Let $$A=\begin{pmatrix}3&a\\ 2&0\end{pmatrix}.$$
For what value of a is the diagonal factorization $A=SΛS^{-1}$ impossible?
Since it's not a triangular matrix, I cannot read the eigenvalues off the diagonal directly. I've found out that the polynomial is $λ^2-3λ-2a$. Solving for λ, I get $λ=\frac{3}{2}\pm \sqrt{2a+\frac{9}{4}}$
Not sure how to go after this.
For a matrix to fail to be diagonalizable, you need that at least one eigenvalue has multiplicity two, and that the dimension of the eigenspace is strictly less than the multiplicity.

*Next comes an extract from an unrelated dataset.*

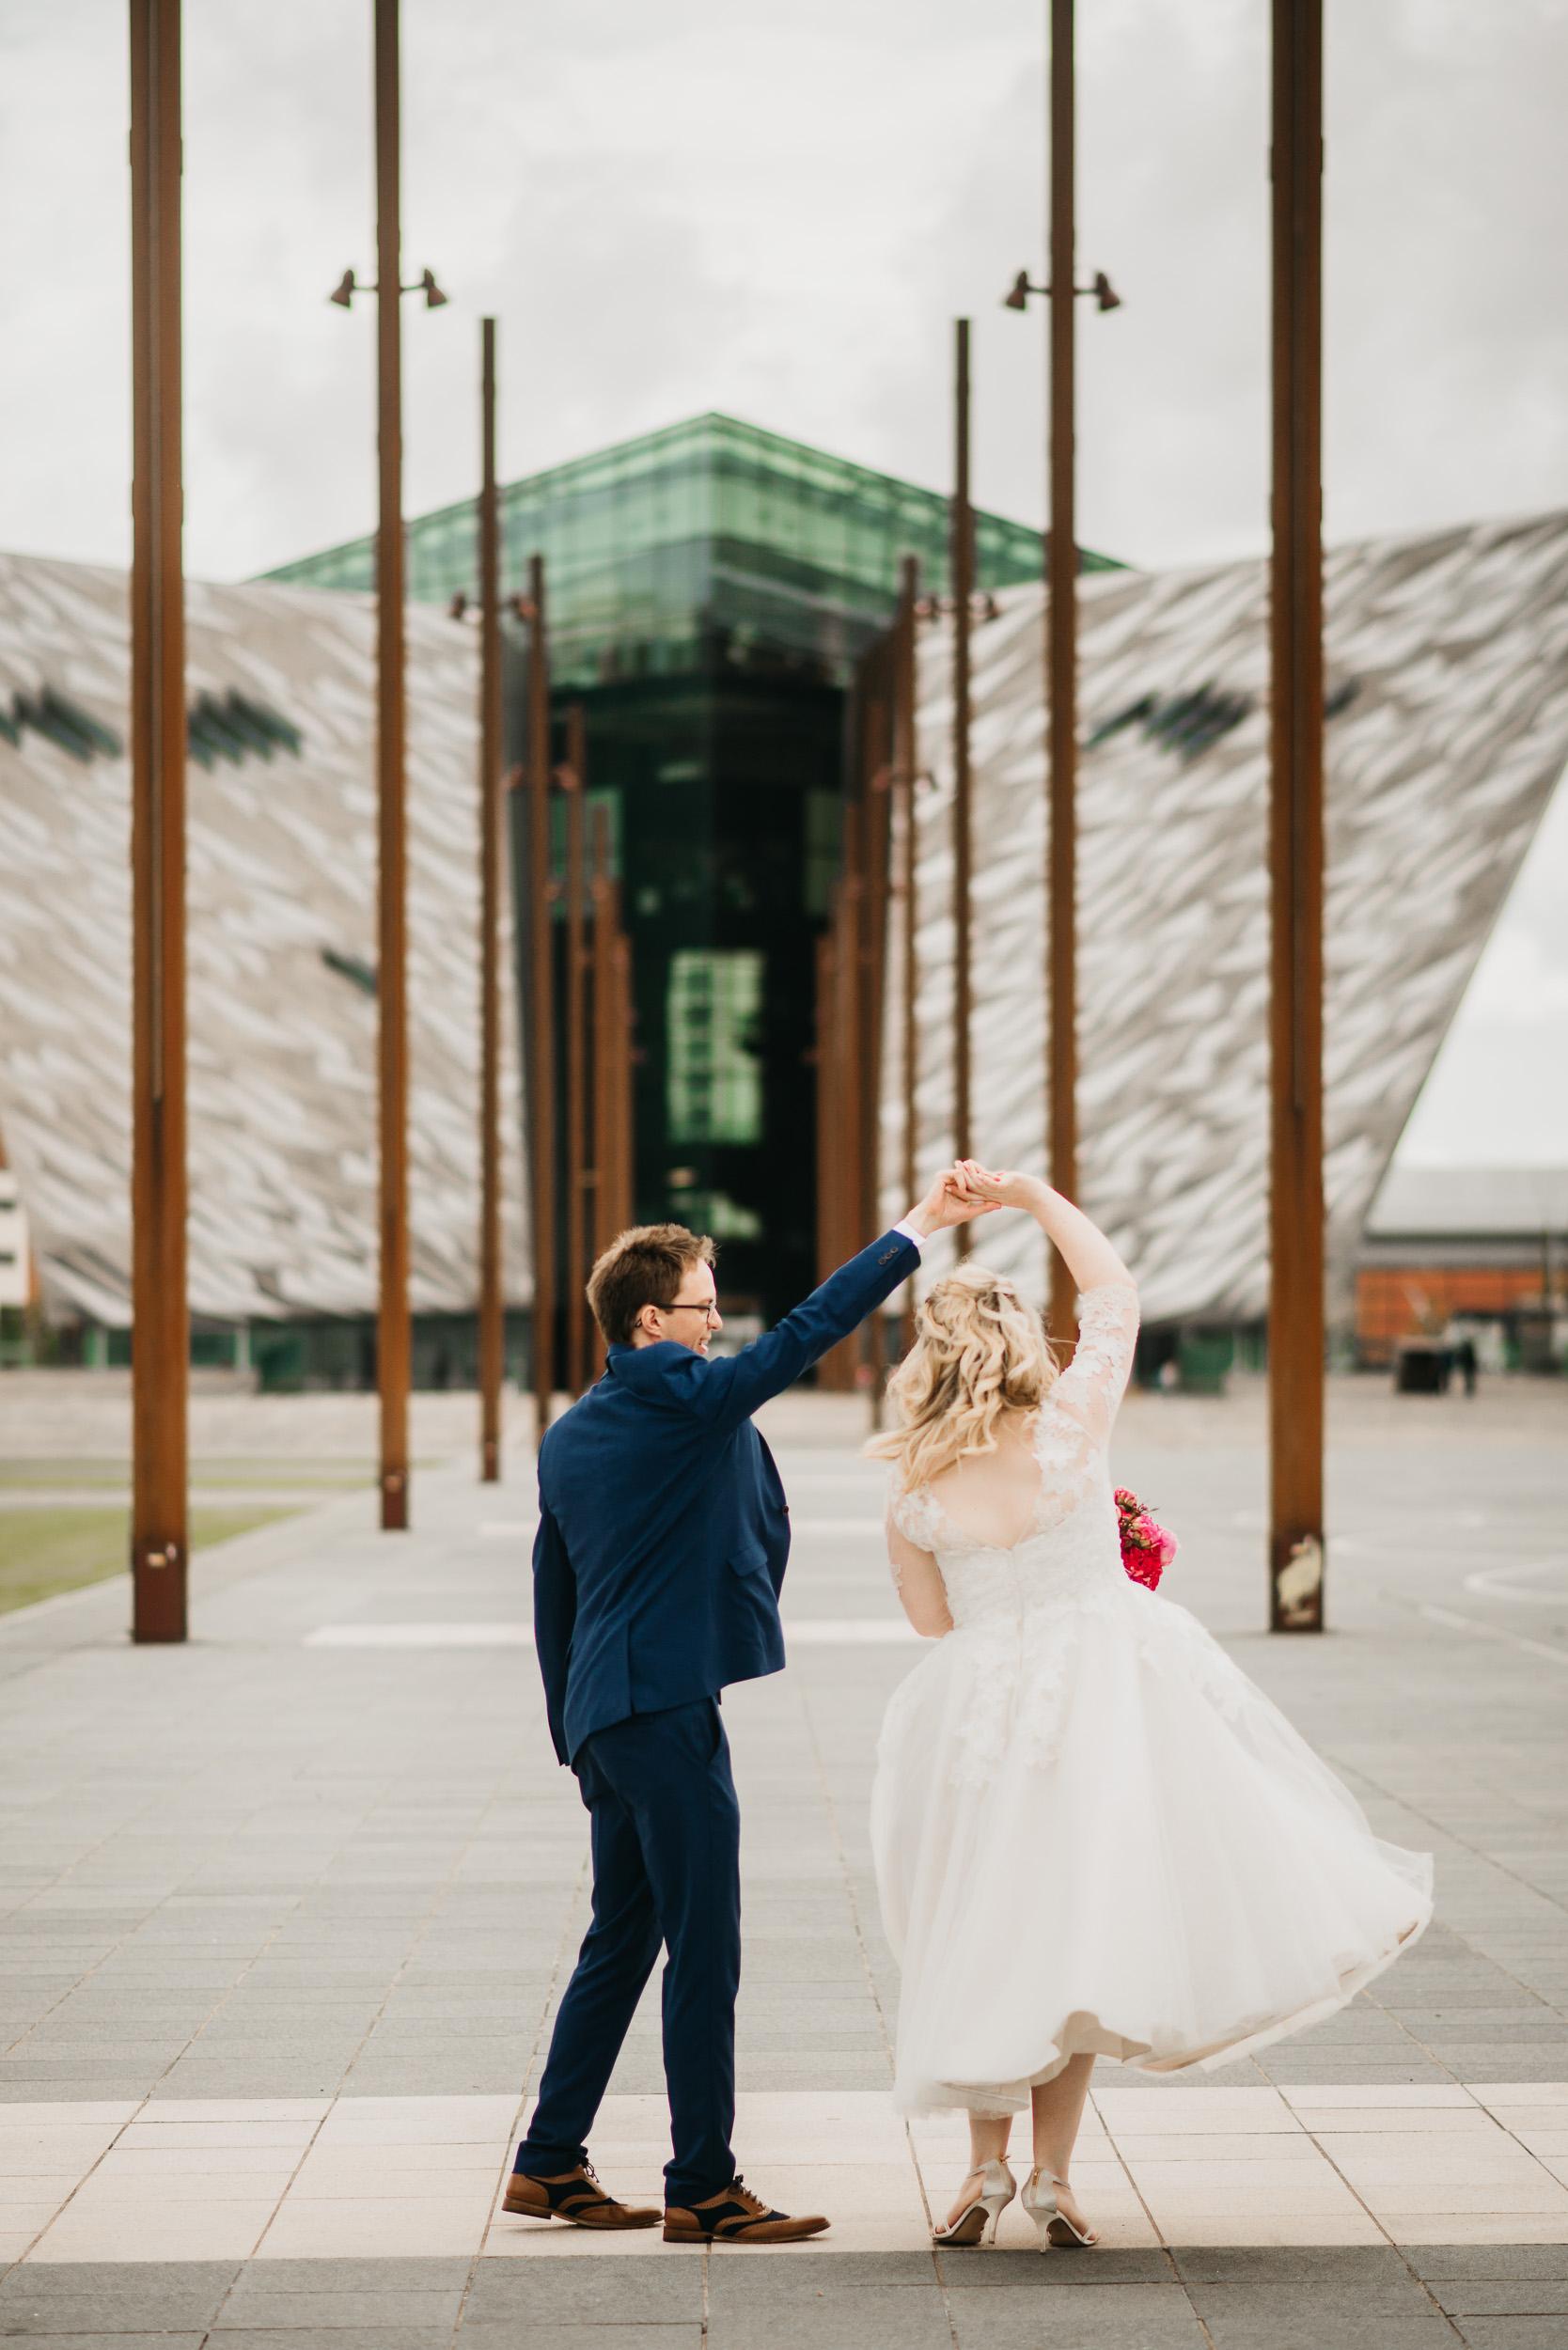 wedding photogaphy peter mackey 2018 h-1-2.jpg

Here since you know the characteristic polynomial, you can see that there will be single eigenvalue when $a=-9/8$, and the eigenvalue is $3/2$. Now let us check if $A$ is diagonalizable in that case: an eigenvector for $3/2$ will be a solution to $$ \begin{bmatrix} 3-3/2&-9/8\\ 2&-3/2\end{bmatrix} \begin{bmatrix} x\\ y\end{bmatrix} =\begin{bmatrix} 0\\0\end{bmatrix} , $$ which gives $12x=9y$. So all eigenvectors for $3/2$ are of the form $t\begin{bmatrix} 9\\12\end{bmatrix}$. That is, the eigenspace of $3/2$ is one-dimensional, while its multiplicity is two, so $A$ is not diagonalizable.
The above computation can be avoided is one notices that the only way a $2\times2$ matrix can have an eigenvalue $\lambda$ with eigenspace of dimension $2$ is if $A=\lambda I$. As your matrix is not diagonal, one can deduce that it is not diagonalizable without computing the eigenvectors.
Edit: as mentioned by amd, if we restrict the field to $\mathbb R$, then there are no eigenvalues when $a<9/8$, thus making $A$ not diagonalizable in that context.